*Assignment*:
The reply is to be an exact repetition of the entries that follow, with each picture left out.

☆ ☆ ☆ ☆ ☆

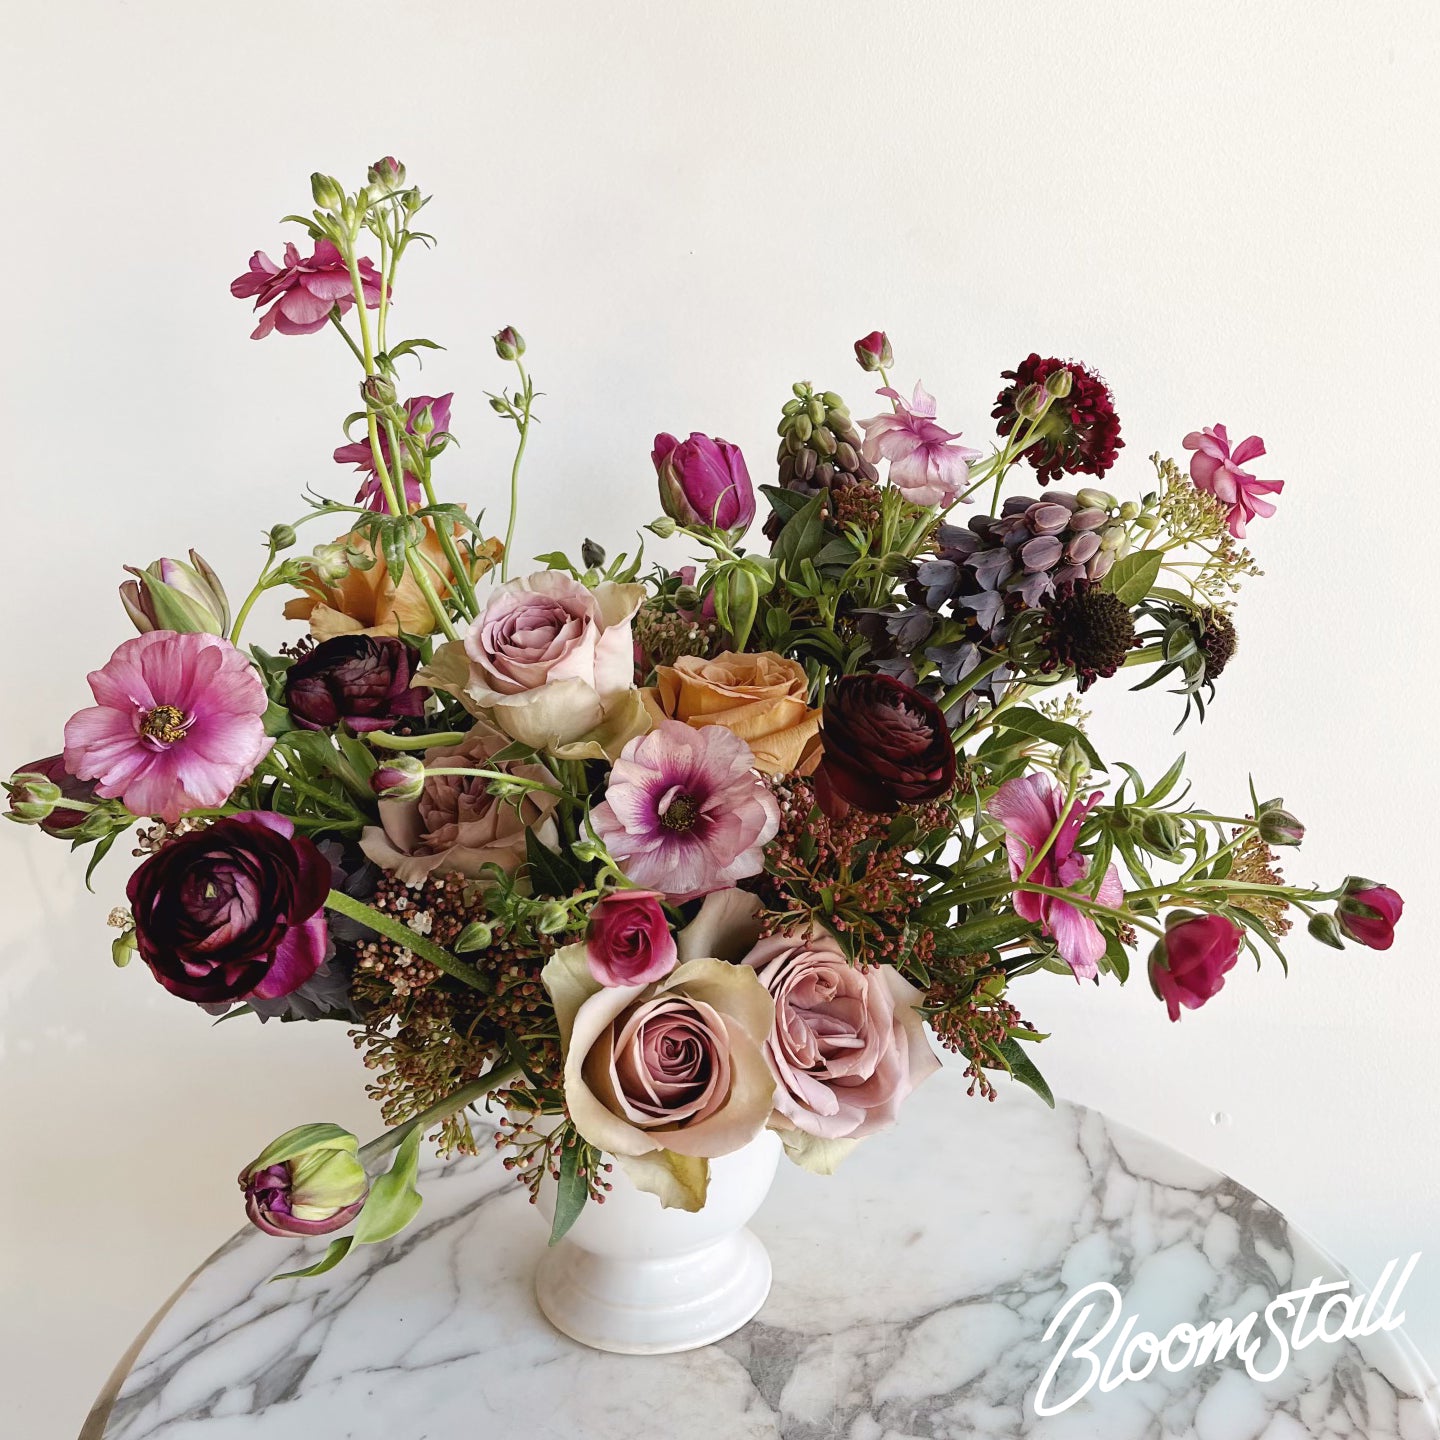 Funeral Flower Arrangements - Sympathy Flowers In Gresham
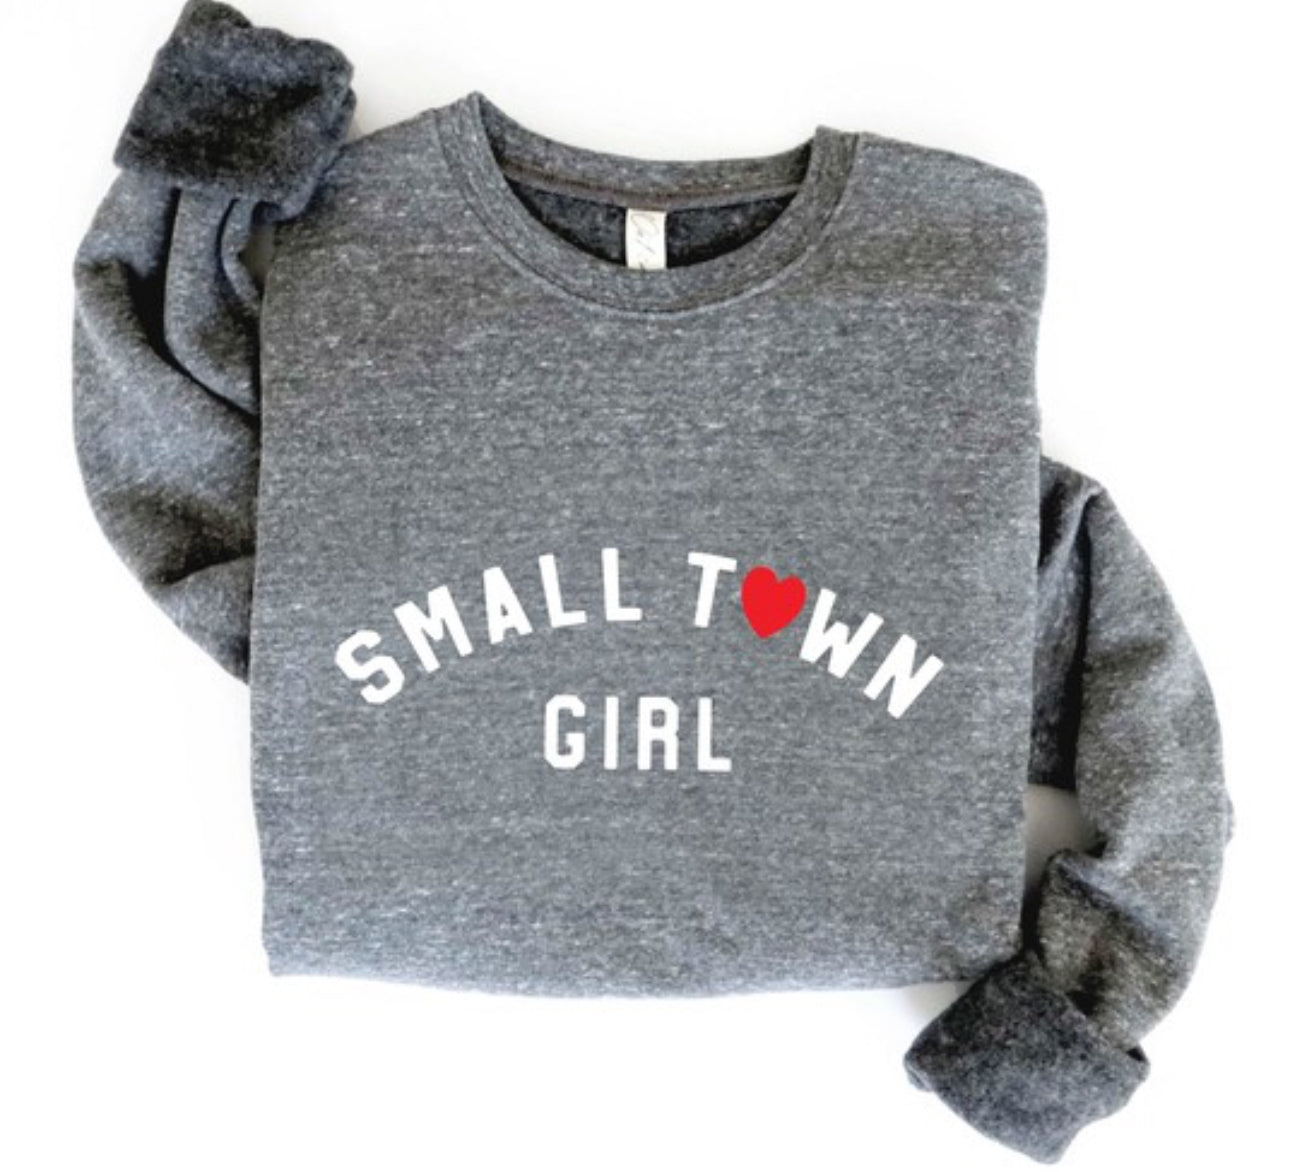 Small Town Girl Graphic Sweatshirt
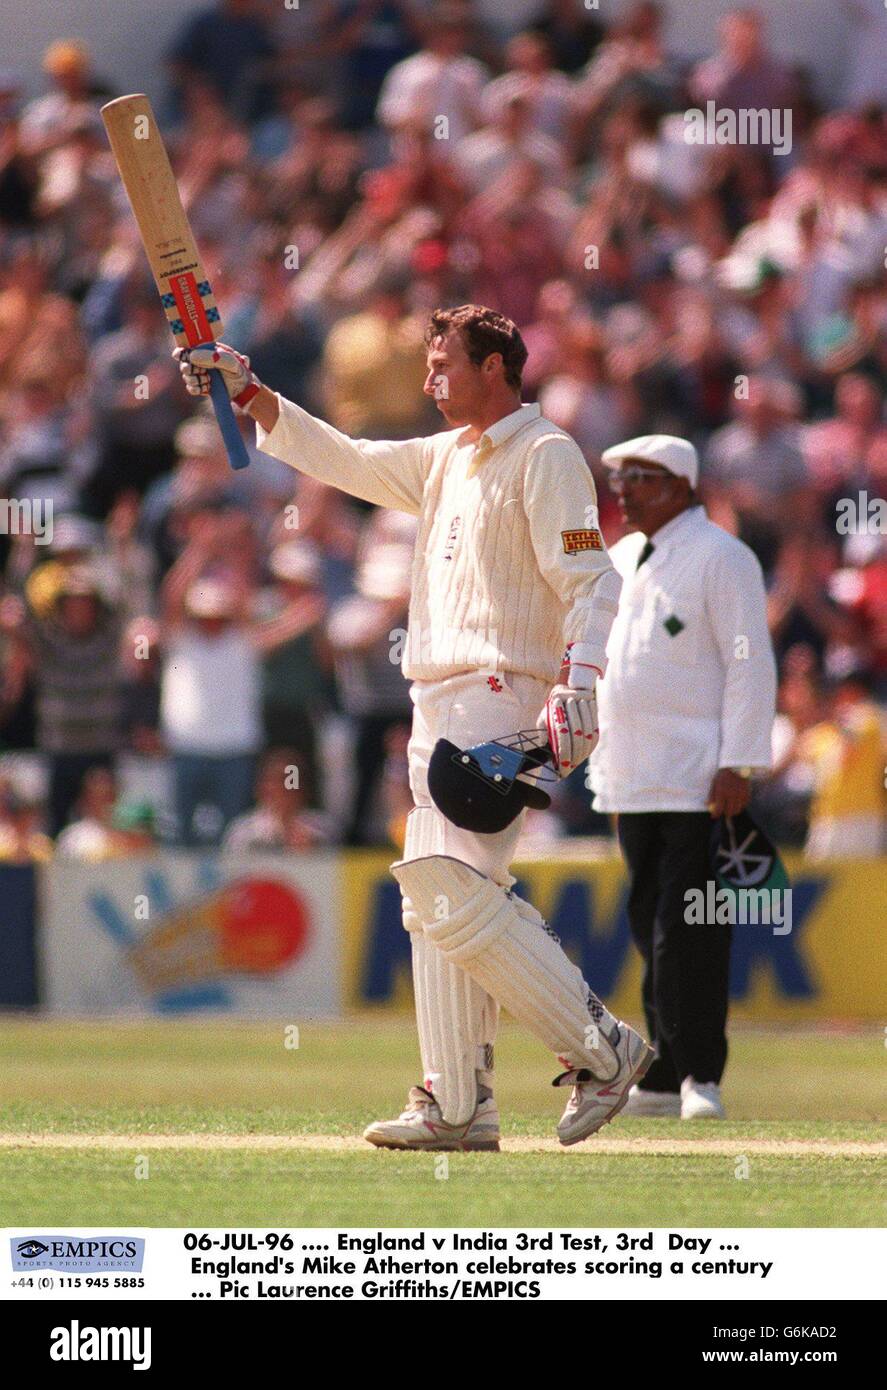 06-JUL-96, England v India 3rd Test, 3rd Day, England's Mike Atherton celebrates scoring a century Stock Photo
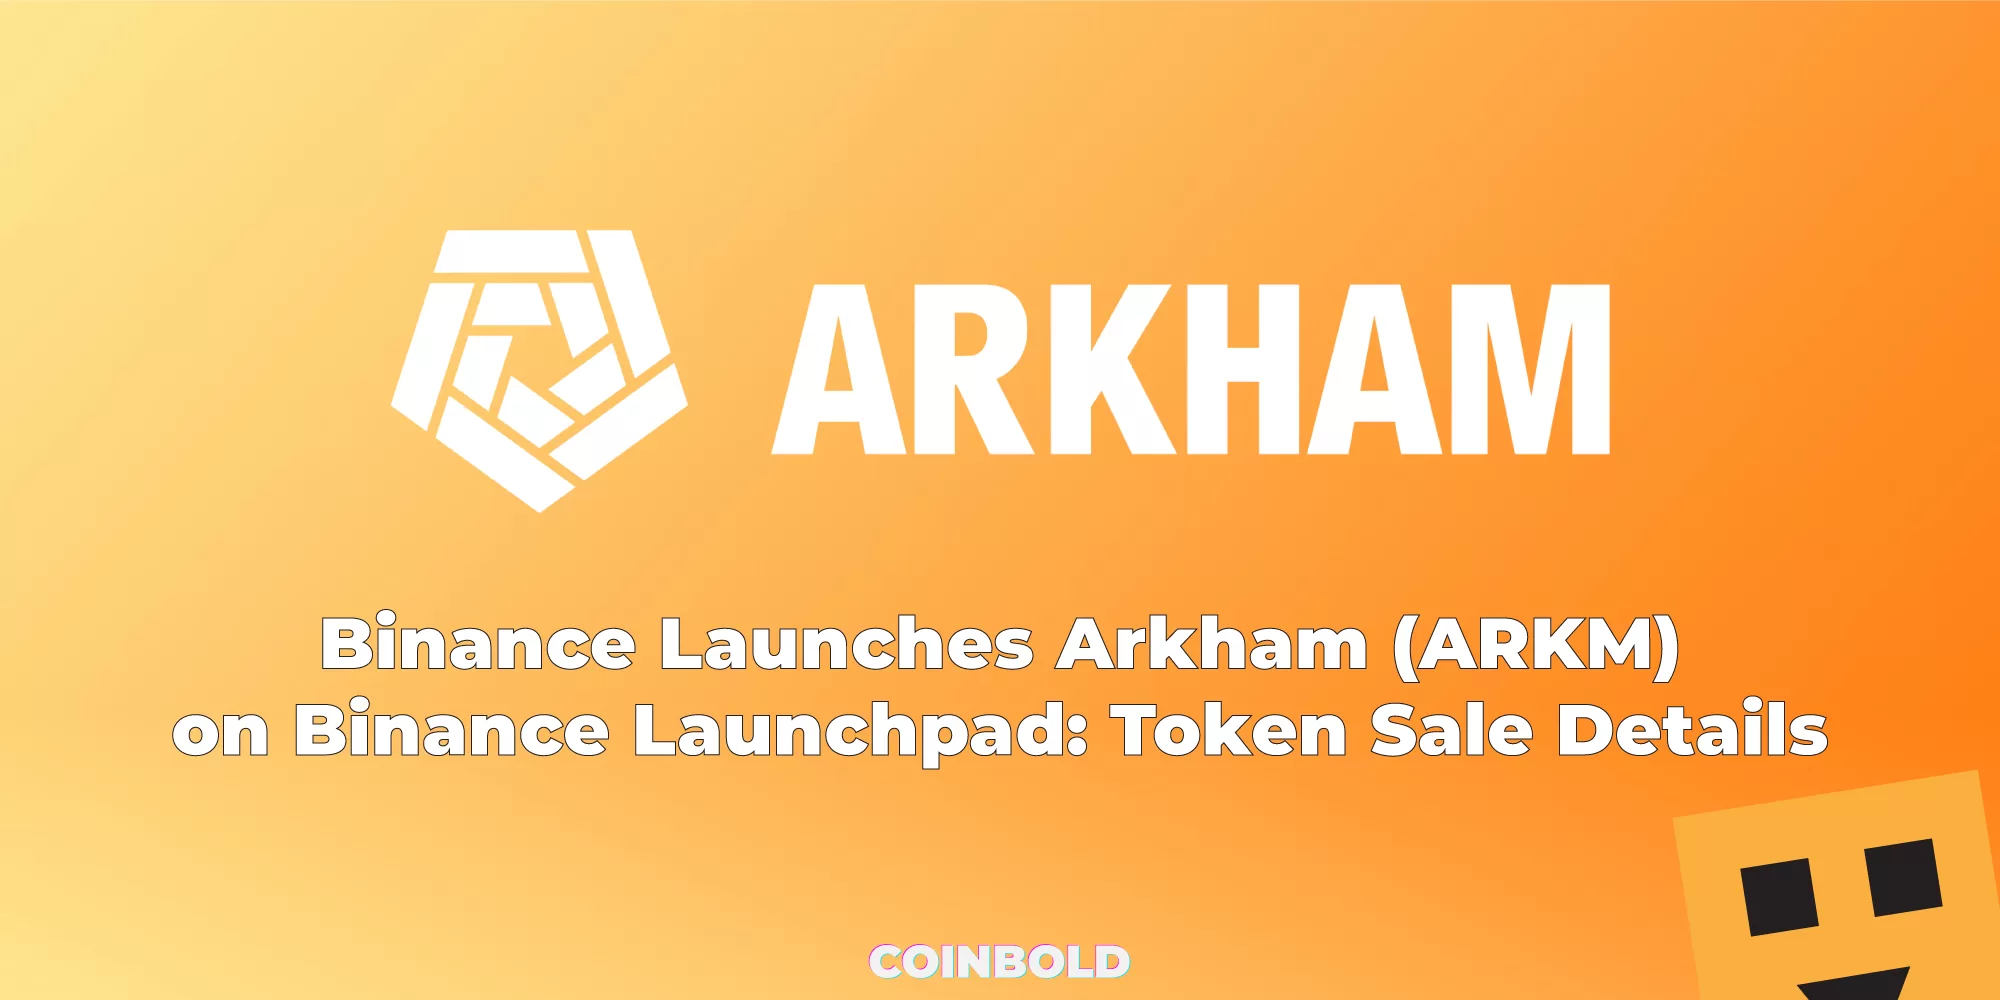 Binance Launches Arkham (ARKM) on Binance Launchpad: Token Sale Details
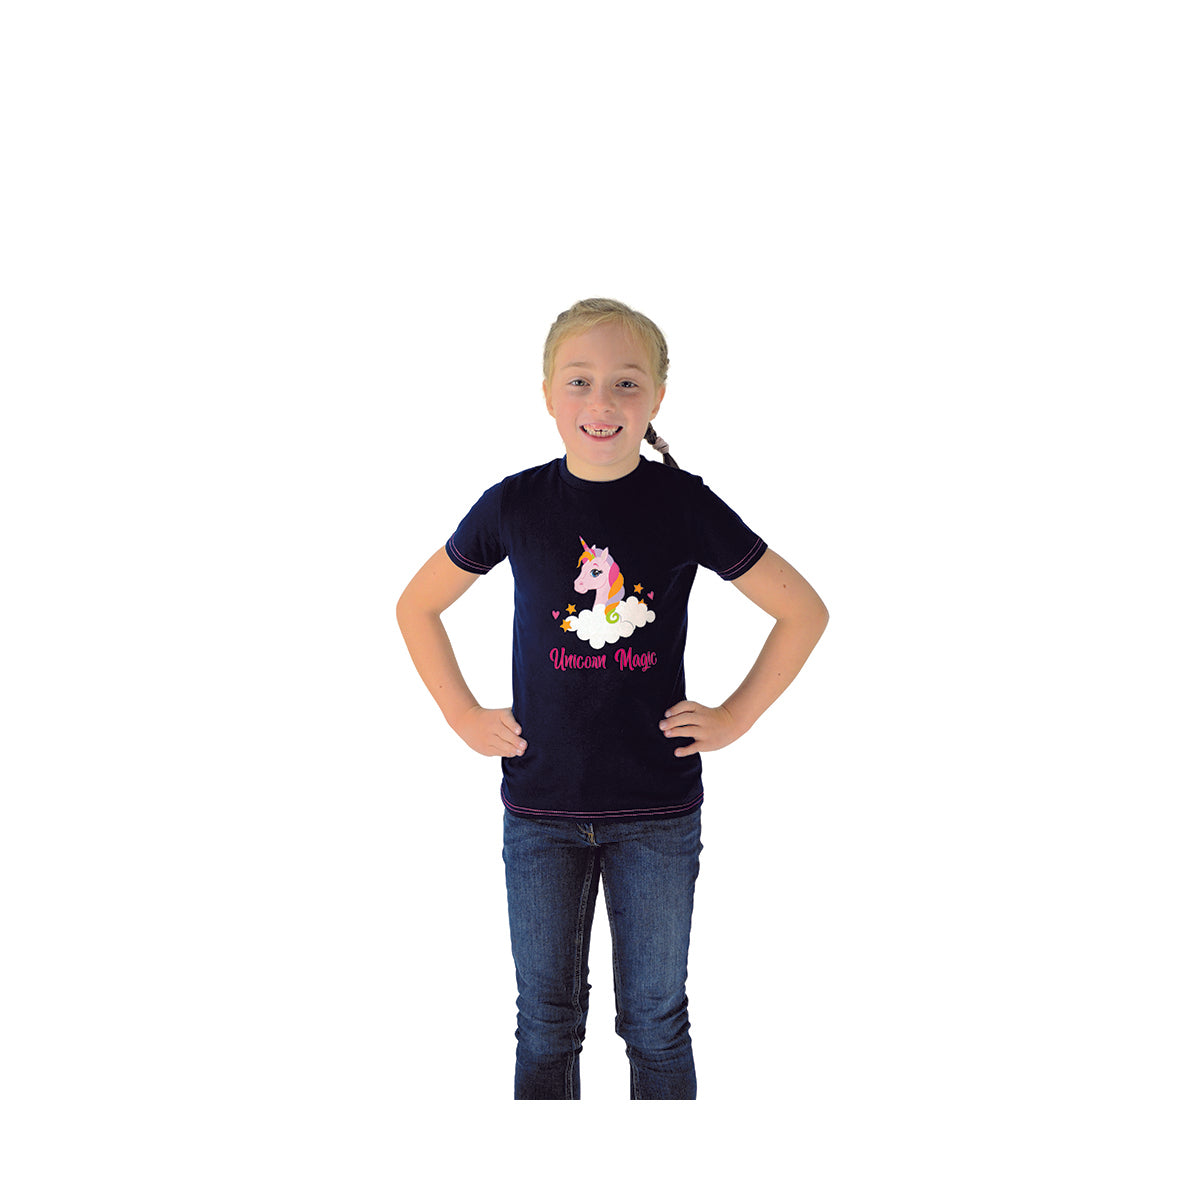 Unicorn Magic T-Shirt by Little Rider

☆ ☆ ☆ ☆ ☆

*Solution*:
 Funeral Flower Arrangements - Sympathy Flowers In Gresham
 Small Town Girl Graphic Sweatshirt
 06-JUL-96, England v India 3rd Test, 3rd Day, England's Mike Atherton celebrates scoring a century Stock Photo
 Binance Launches Arkham (ARKM) on Binance Launchpad: Token Sale Details
 Unicorn Magic T-Shirt by Little Rider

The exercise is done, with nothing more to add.